Review

The Dirty Skirts’ comeback EP Radiant Clouds strikes at the heart of the modern human’s condition

In the three songs that make up Radiant Clouds, The Dirty Skirts’ first release since 2011’s SAMA winning Lost in the Fall, the indie rockers create a world of languid anxiety, one that finds delirium in the face of impending doom.

It was during lockdown in 2021 that the seeds for this and a series of future EP releases were planted but the themes, the questions, are as immediate and visceral as they ever could be.

Said delirium is present from the opening lines of “Doomsday Clock” as vocalist Jeremy de Tolly, like a spaced-out evangelist of the apocalypse, hazily repeats “the doomsday clock/ the doomsday clock/ tick tock, tick tock.”

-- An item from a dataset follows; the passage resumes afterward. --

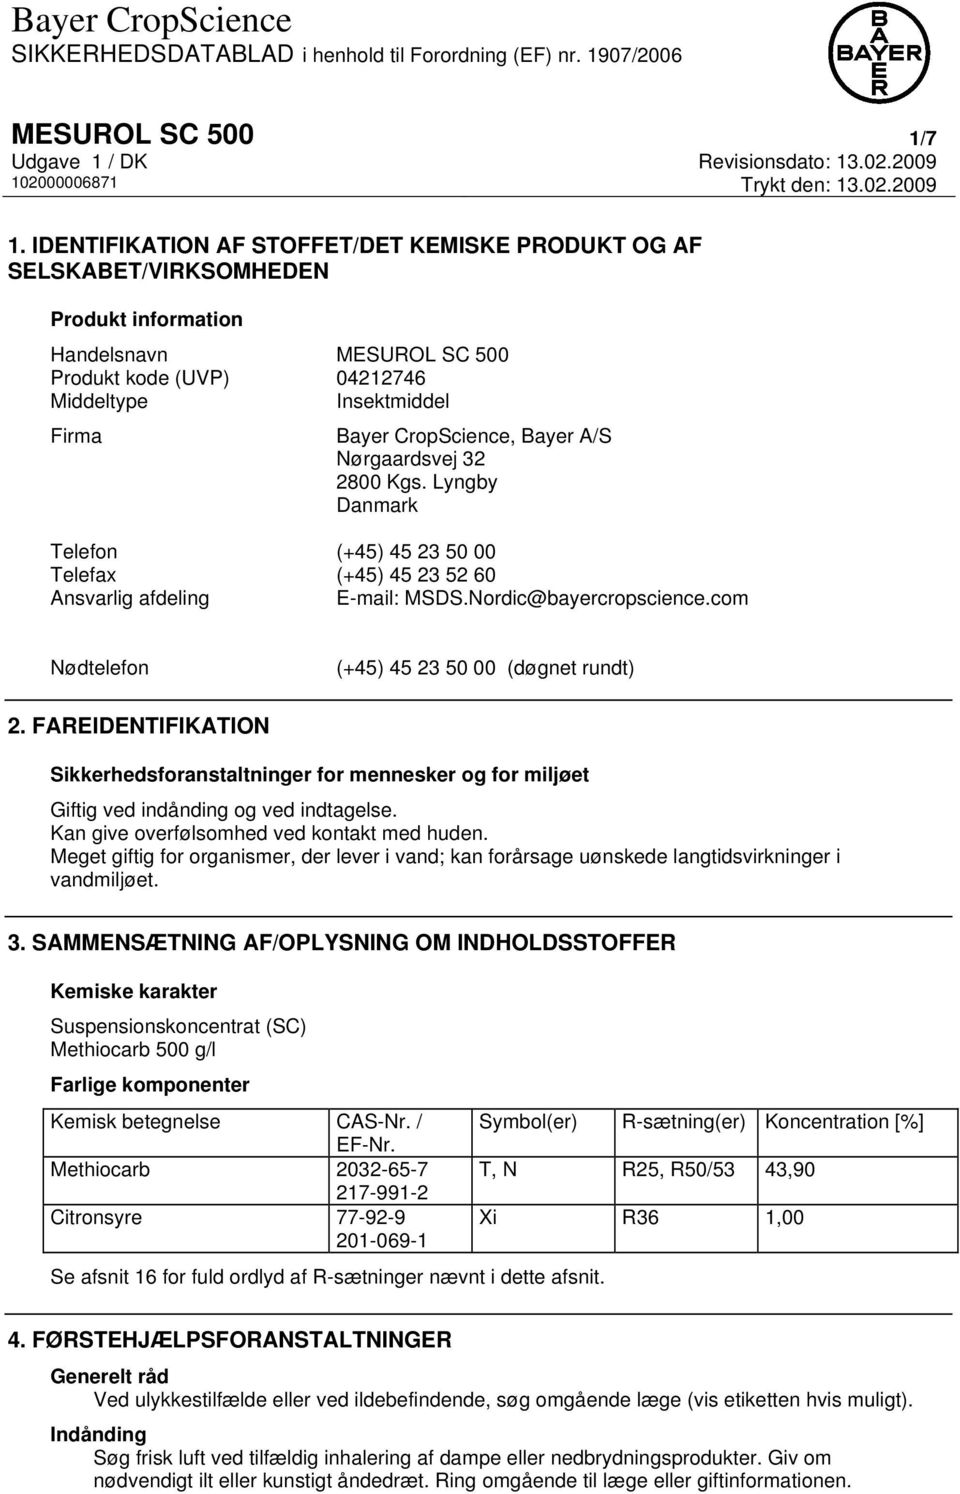 Bayer A/S Nørgaardsvej 32 2800 Kgs. Lyngby Danmark Telefon (+45) 45 23 50 00 Telefax (+45) 45 23 52 60 Ansvarlig afdeling E-mail: MSDS.Nordic@bayercropscience.

Contrasting the natural world with our own tech-heavy – dare I say unnatural – world, the rest of the song highlights, almost disbelievingly, the absurdity of finding brief release and relief through little LCD screens when robins serenade morning dew and starlings natter in eaves.

“Blue Jean Skies” taps into the same metaphorical language as the song before but this time uses it to tell a tale of fragile hearts and complex, confused minds to a soundtrack both melancholic and jubilant.

“Numb and Fronting” feels more grounded in composition but is no less affecting as de Tolly’s voice soars and stretches to the point of agony, bringing the curtain down on an EP that so exquisitely mirrors much of humanity’s mortal anxiety.